Syntax, Predicates, Idioms—What Really Affects Code Complexity?
Are some programming constructs intrinsically more difficult to read and write than others? Ajami2018 explored this question by having over 200 professional programmers look at code snippets that did similar things in different ways. Their findings include:
- for loops are harder for people to understand than if statements,
- loops that count down are (slightly) harder to understand than loops that count up,
- time taken and error rate don't necessarily correlate, which means that the former cannot be used as a proxy for the latter.
Like all results, these need to be interpreted carefully: for example, the authors' tests used C-style for loops, which are syntactically much more complex than the for loops of languages like Python. However, the paper spells out the statistical methods used in welcome detail, and is careful to account for learning effects and other confounding factors. (Sentences like, "More ranges also led to higher error rates, but this was not significant after Bonferroni correction." make me very happy.)
I am a big fan of work like this, which I first met through papers by Andreas Stefik and his team on the readability and learnability of programming languages (see these three posts for examples). It is very welcome to see other research groups doing studies like these as well, and I hope one day that things like Python Enhancement Proposals will routinely include studies like these. Among other things, it would be a great way to build bridges between researchers and practitioners.

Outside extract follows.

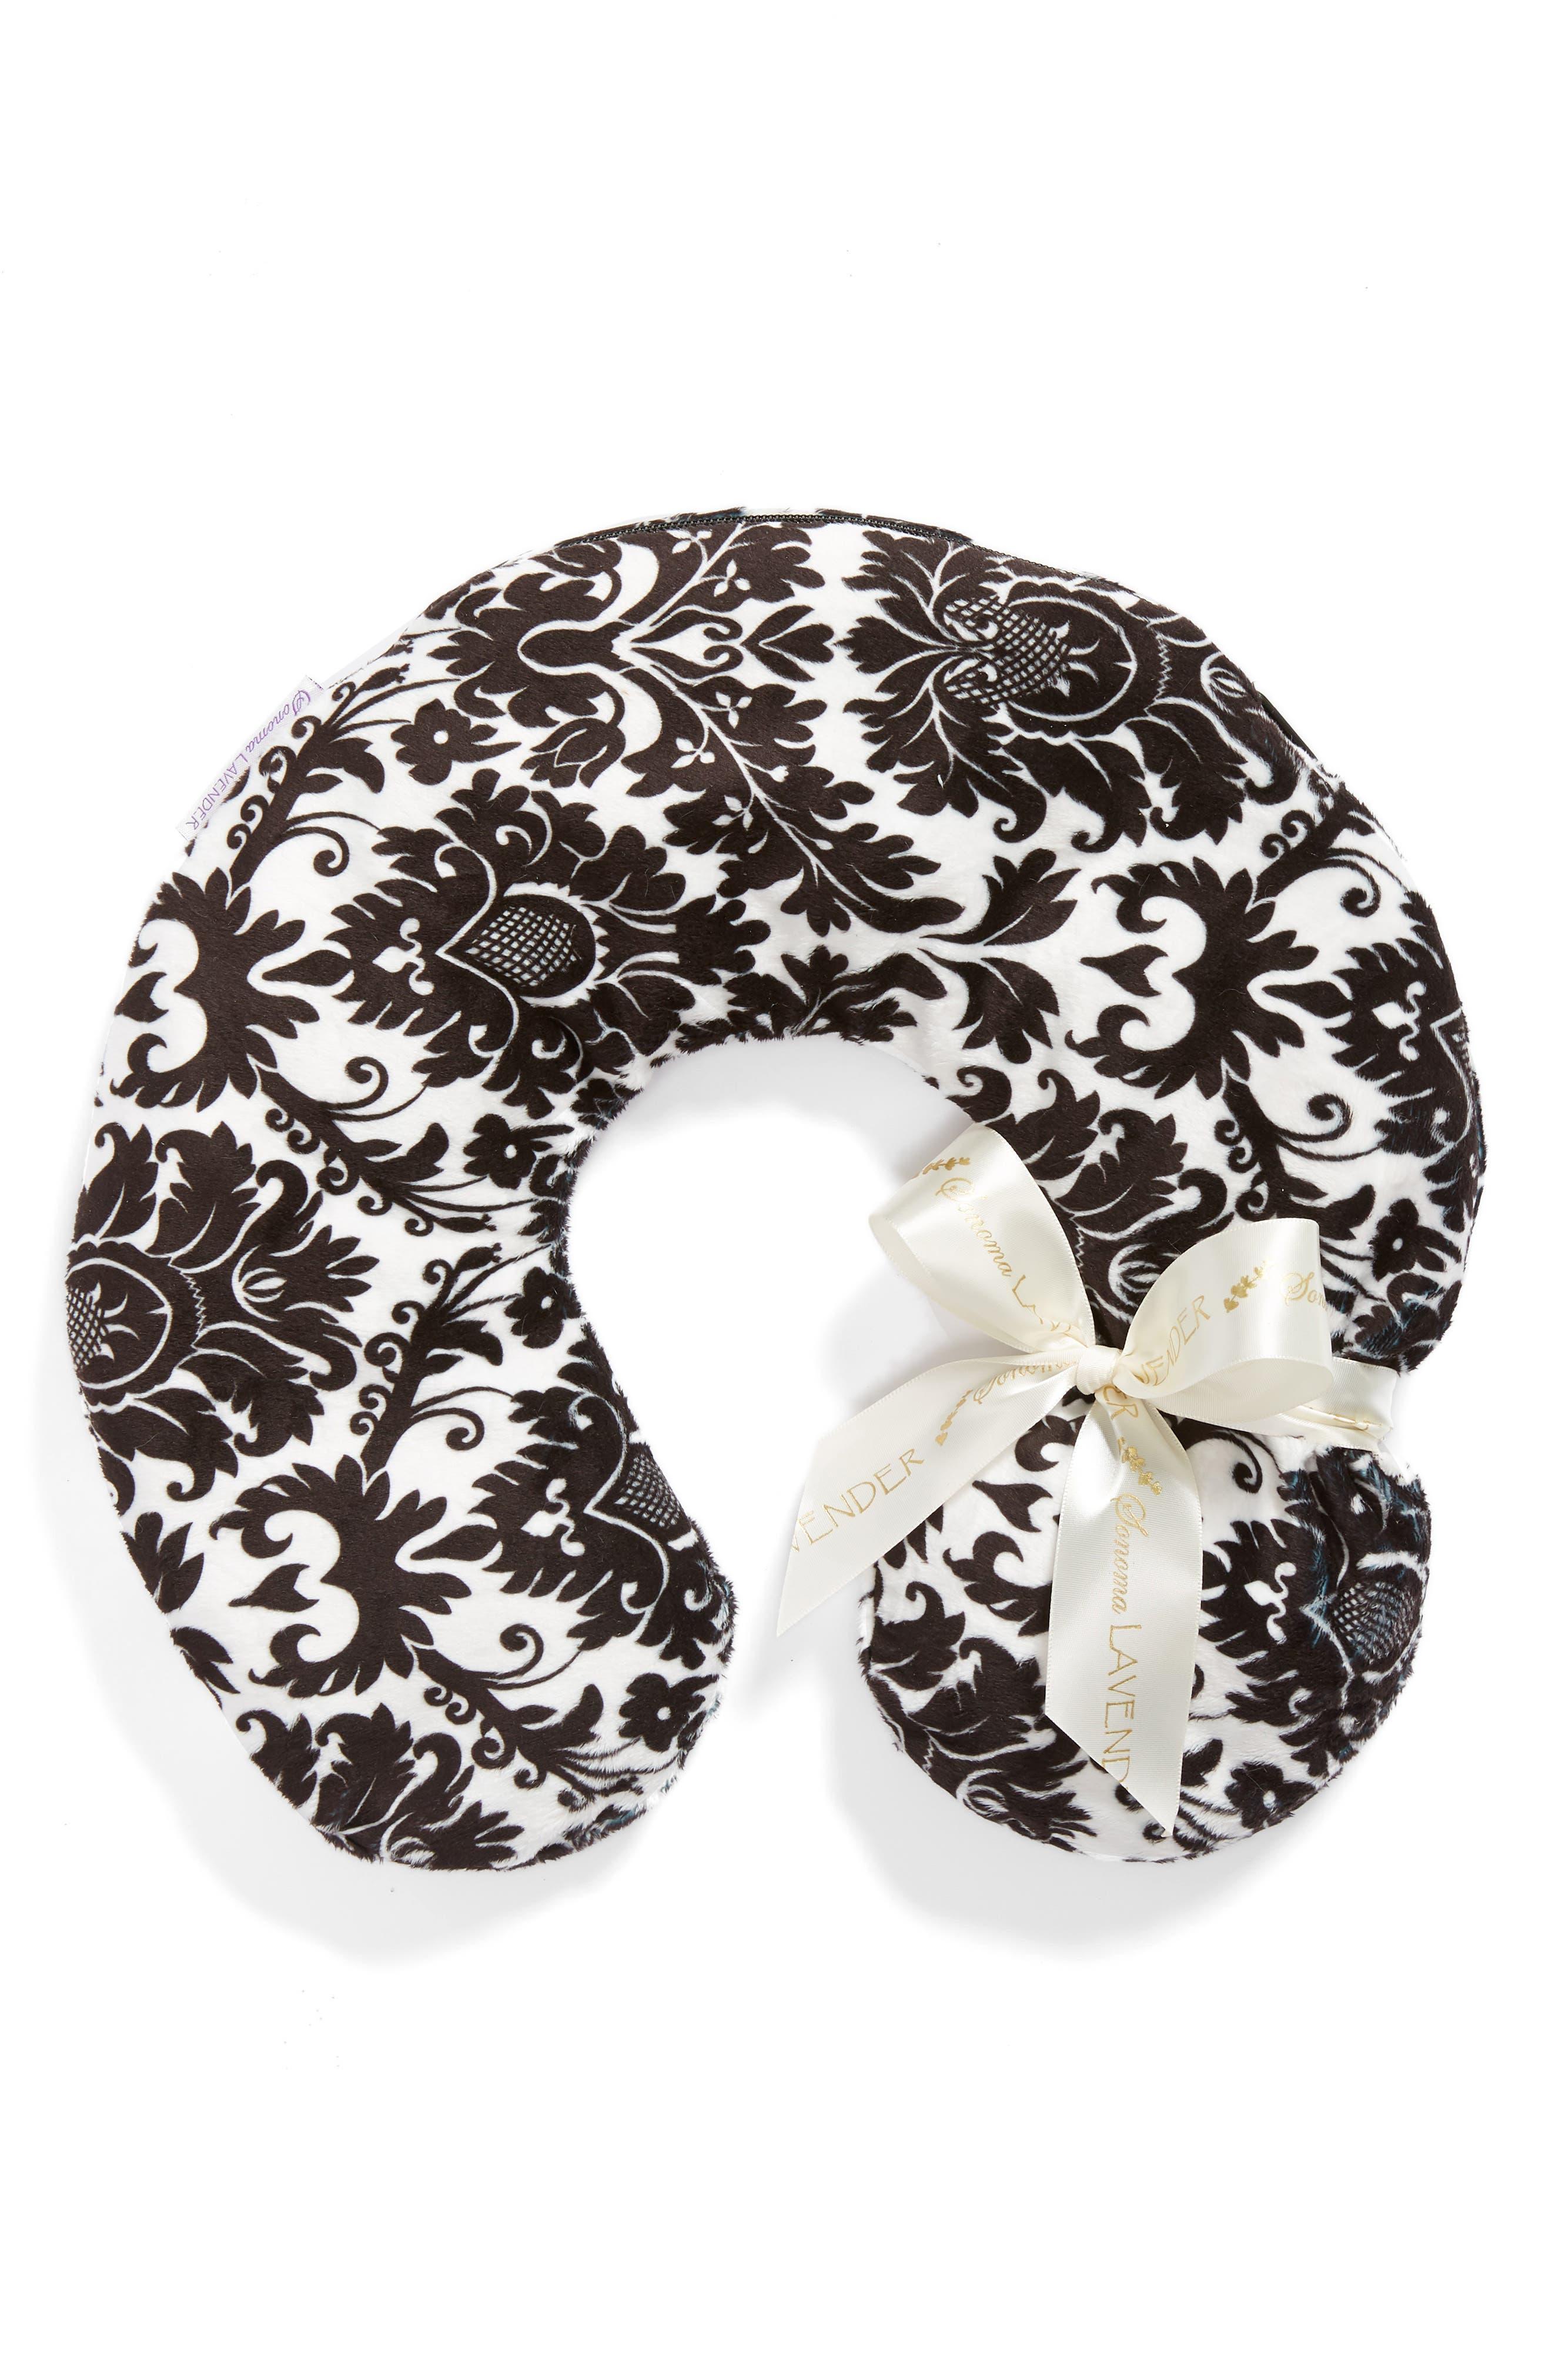 Black Damask Neck Pillow,                             Main thumbnail 1, color,                             000

Ajami2018 Shulamyt Ajami, Yonatan Woodbridge, and Dror G. Feitelson: "Syntax, predicates, idioms—what really affects code complexity?". Empirical Software Engineering, 24(1), 2018, 10.1007/s10664-018-9628-3. (Reviewed 2021-09-21.)
Program comprehension concerns the ability to understand code written by others. But not all code is the same. We use an experimental platform fashioned as an online game-like environment to measure how quickly and accurately 220 professional programmers can interpret code snippets with similar functionality but different structures; snippets that take longer to understand or produce more errors are considered harder. The results indicate, inter alia, that for loops are significantly harder than ifs, that some but not all negations make a predicate harder, and that loops counting down are slightly harder than loops counting up. This demonstrates how the effect of syntactic structures, different ways to express predicates, and the use of known idioms can be measured empirically, and that syntactic structures are not necessarily the most important factor. We also found that the metrics of time to understanding and errors made are not necessarily equivalent. Thus loops counting down took slightly longer, but loops with unusual bounds caused many more errors. By amassing many more empirical results like these it may be possible to derive better code complexity metrics than we have today, and also to better appreciate their limitations.